= Royal British Nurses' Association =

Nursing organisation in the United Kingdom

The Royal British Nurses' Association was founded in December 1887 by Ethel Bedford-Fenwick, with leading matrons from voluntary, local authority and military hospitals including; Isla Stewart of St Bartholomew's Hospital, Godiva Thorold of the Middlesex Hospital, Miss Hogg of Haslar Hospital and Anne Gibson of Brownlow Hill Infirmary, Liverpool

The early objectives were : to obtain a charter to enable the association to examine and register nurses, conferring degrees; to devise schemes for annuity pensions and sick funds for nurses; the formation and management of convalescent and holiday homes for nurses as well as alms houses for retired nurses; and the organisation of conferences on questions relating to the profession of nursing. It described itself as a union or organisation of nurses for professional objects and campaigned for the establishment of a register of nurses. It wanted the training to last three years with national standards.

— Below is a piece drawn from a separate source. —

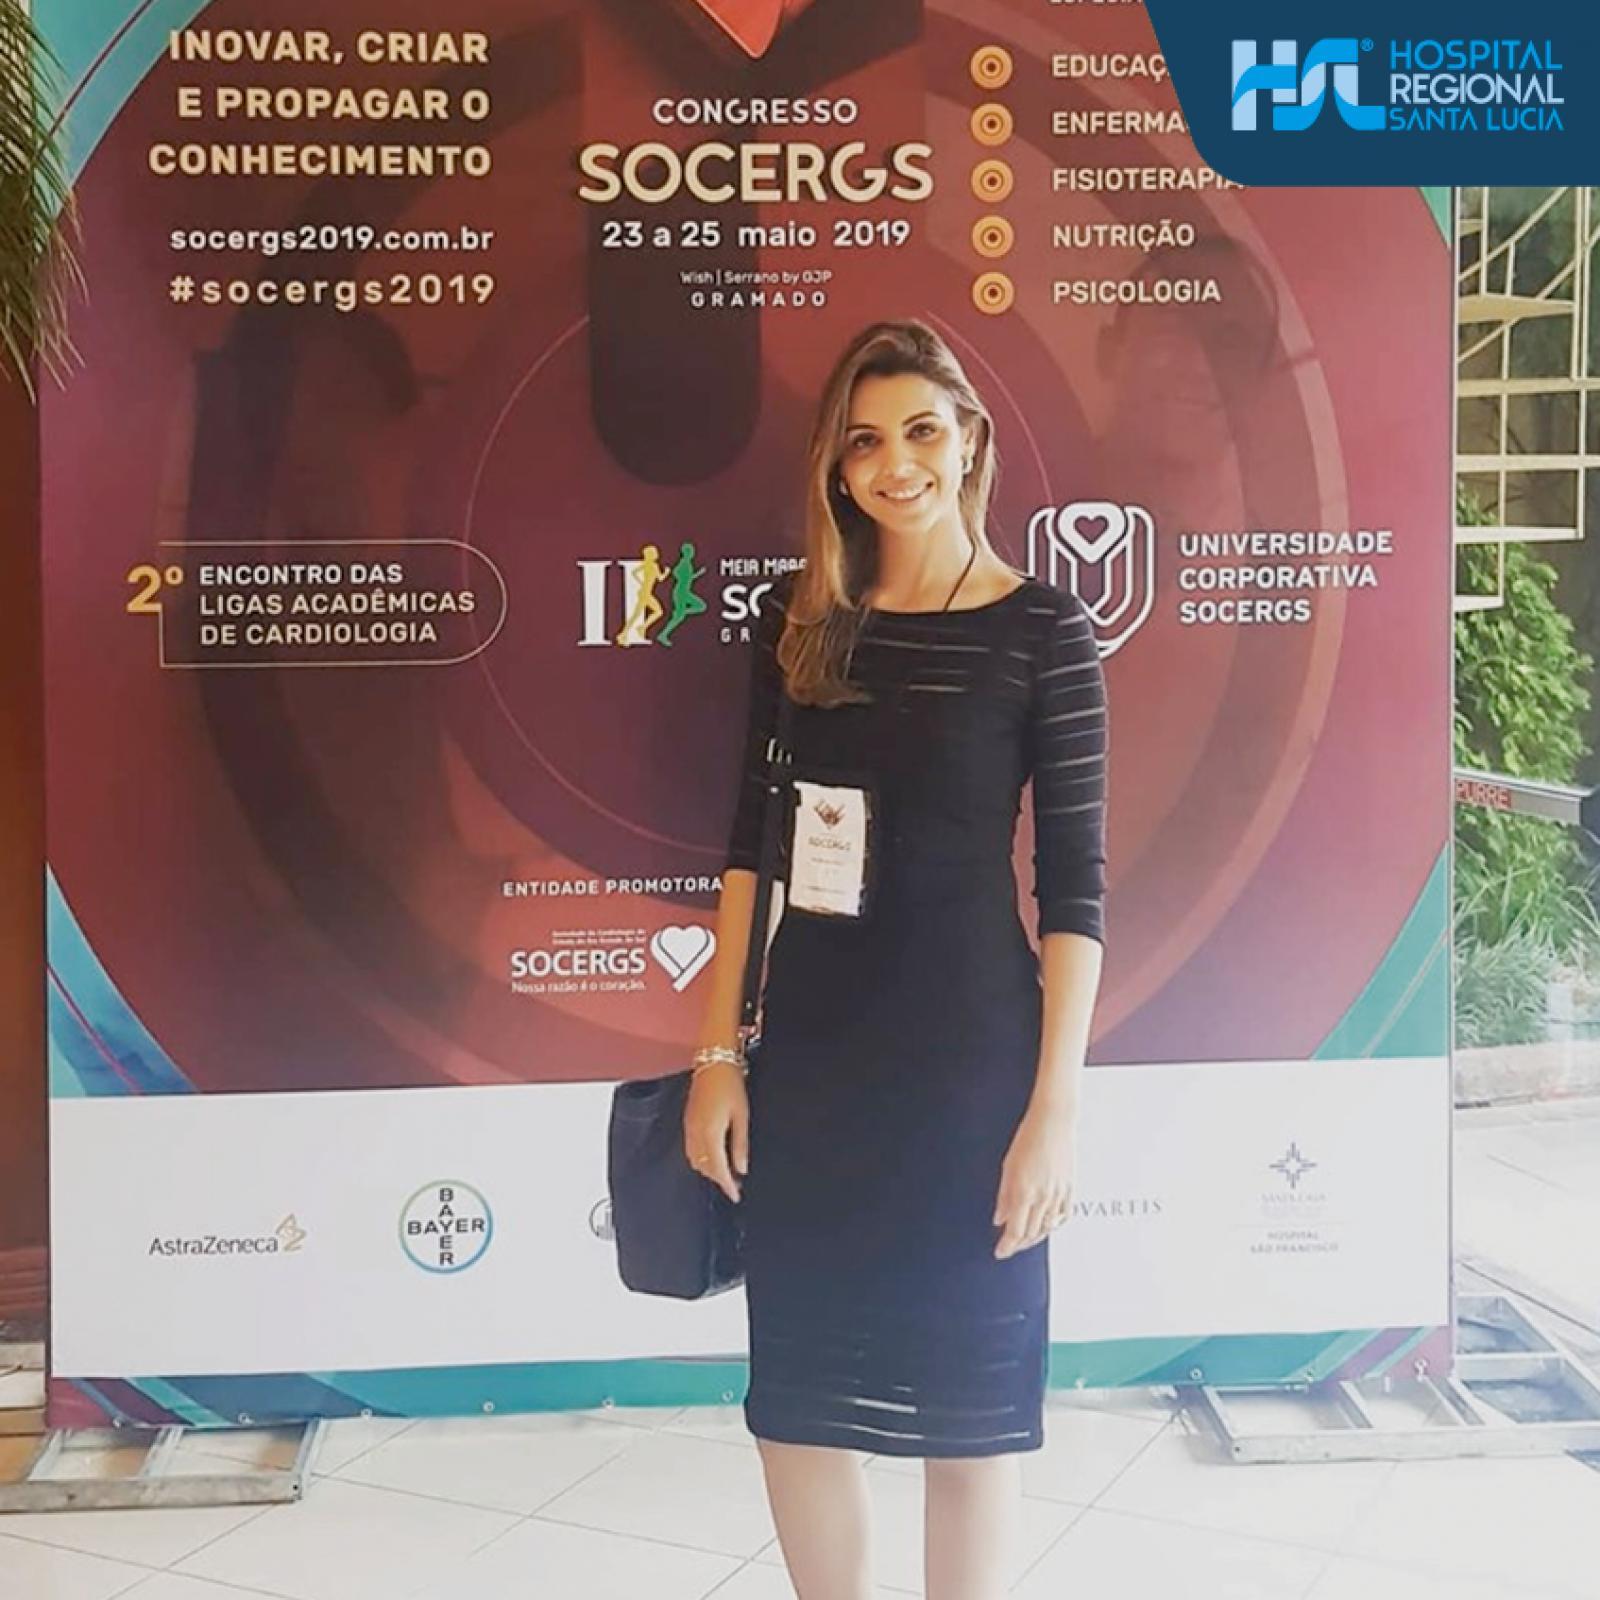 Inovar, criar e propagar o conhecimento - HSL participa do SOCERGS

Princess Christian was the president from its foundation. The first trustees were the Duke of St.Albans and the Duke of Abercorn. In 1891, it received the prefix "Royal", and received a royal charter in 1892. In a speech Princess Christian made in 1893, she made clear that the association was working towards "improving the education and status of those devoted and self-sacrificing women whose whole lives have been devoted to tending the sick, the suffering, and the dying". In the same speech, she warned about opposition and misrepresentation they had encountered. Although the association was in favour of registration as a means of enhancing and guaranteeing the professional status of trained nurses, its charter with the Privy Council allowed it to maintain a list rather than a formal register of nurses, but as the list had no formal status few nurses joined it, and the campaign for registration continued. The charter altered the constitution, and Mrs Bedford-Fenwick lost her permanent position. One condition of the royal charter was the placing of representatives of medical associations on the Executive Board and especially a large number of general practitioners on the committee entrusted with the registration of nurses. The British Medical Association had not been in favour of the charter.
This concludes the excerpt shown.